Data from this review and meta-analytic comparisons of CRP and PCT in the non-neutropenic population  are suggestive of the improved predictive value of PCT over CRP. This has a strong pathophysiological basis, as PCT levels are reported to rise within 3 to 4 hours in response to infection as compared with the 24 to 48 hours required for CRP . However, the data for the improved predictive value of PCT are quite varied (see Additional file 3 and previously published reviews ). This may be related to the degree of neutropenia, as reports from the post-transplant setting have shown disappointingly poor discrimination , or this again may be due to small studies and publication bias [47, 51]. Based on the data from this review, procalcitonin cannot yet be recommended for use in routine clinical practice
Similar pathophysiological claims for improved predictive ability can be advanced for IL6 and IL8 . In this review, IL6 level shows potential to be a better discriminator than CRP of those children who will develop a serious infectious complication. IL8 also appears to have moderate discriminatory ability and has been used in combination with clinical data in a small pilot study to withhold antibiotics to a highly select group of patients with febrile neutropenia . Both of these cytokines show promise, and should be subject to further investigation.
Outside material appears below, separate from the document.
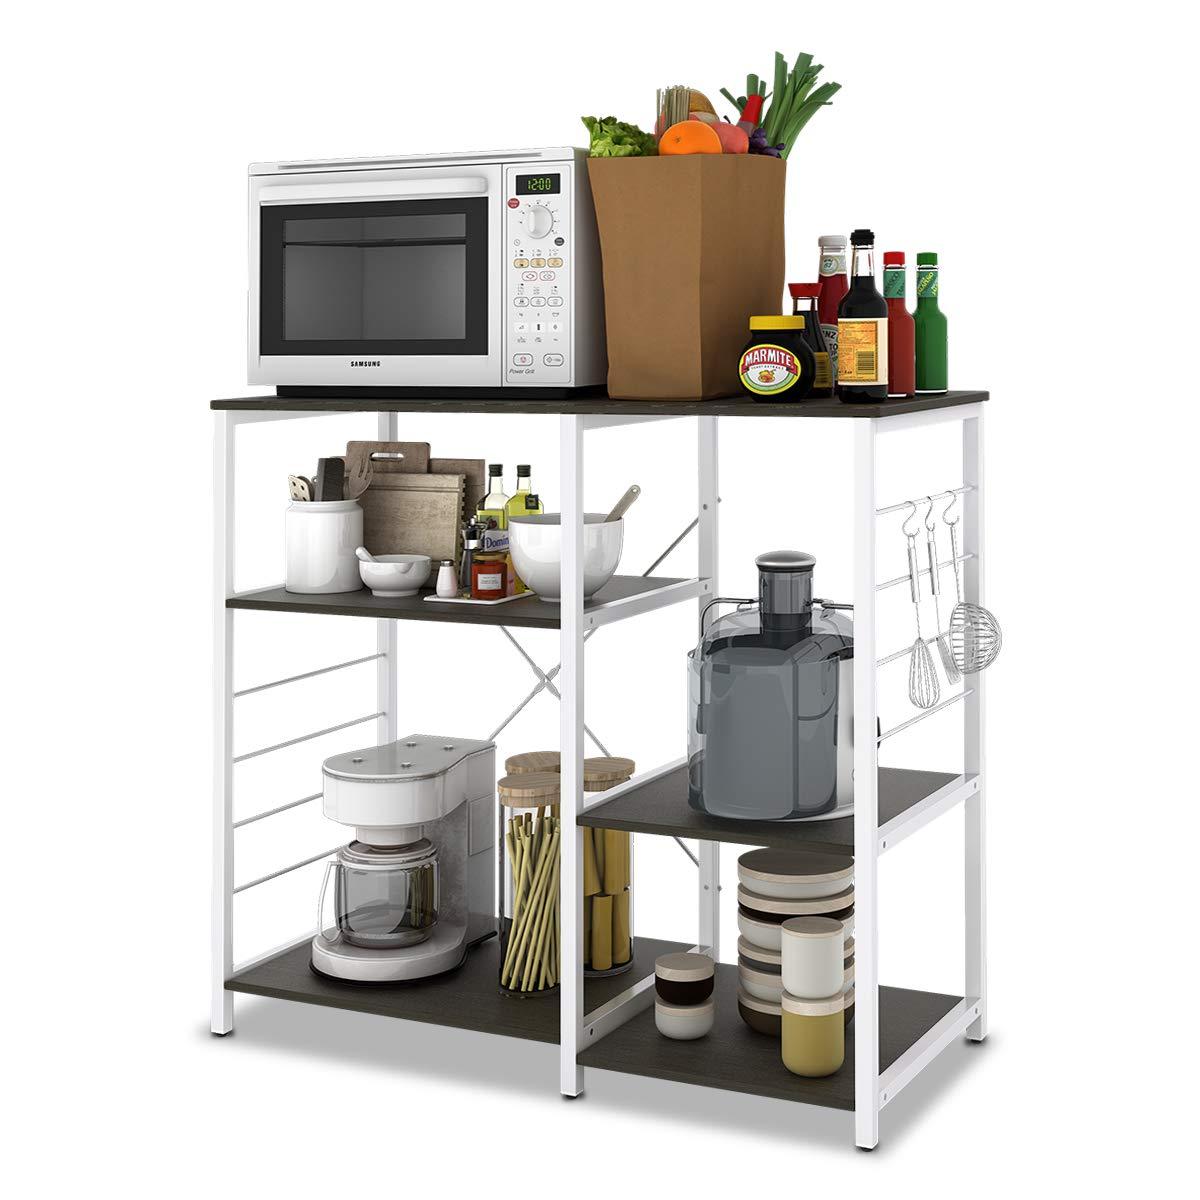 WLIVE Multi-Purpose Wood Kitchen Cart (Black) by WLIVE (Image #1)

Given the very limited data available for other potential biomarkers of infection in the setting of pediatric febrile neutropenia identified by this review, no strong clinical conclusions for their use can be reached without further studies.
These conclusions are drawn from an extensive and detailed systematic review of the available evidence using advanced techniques of meta-analysis, supplemented by rational clinical and pathophysiological reasoning. It should be clearly understood that they are uncertain and unstable, as only small amounts of new data may substantially alter these findings.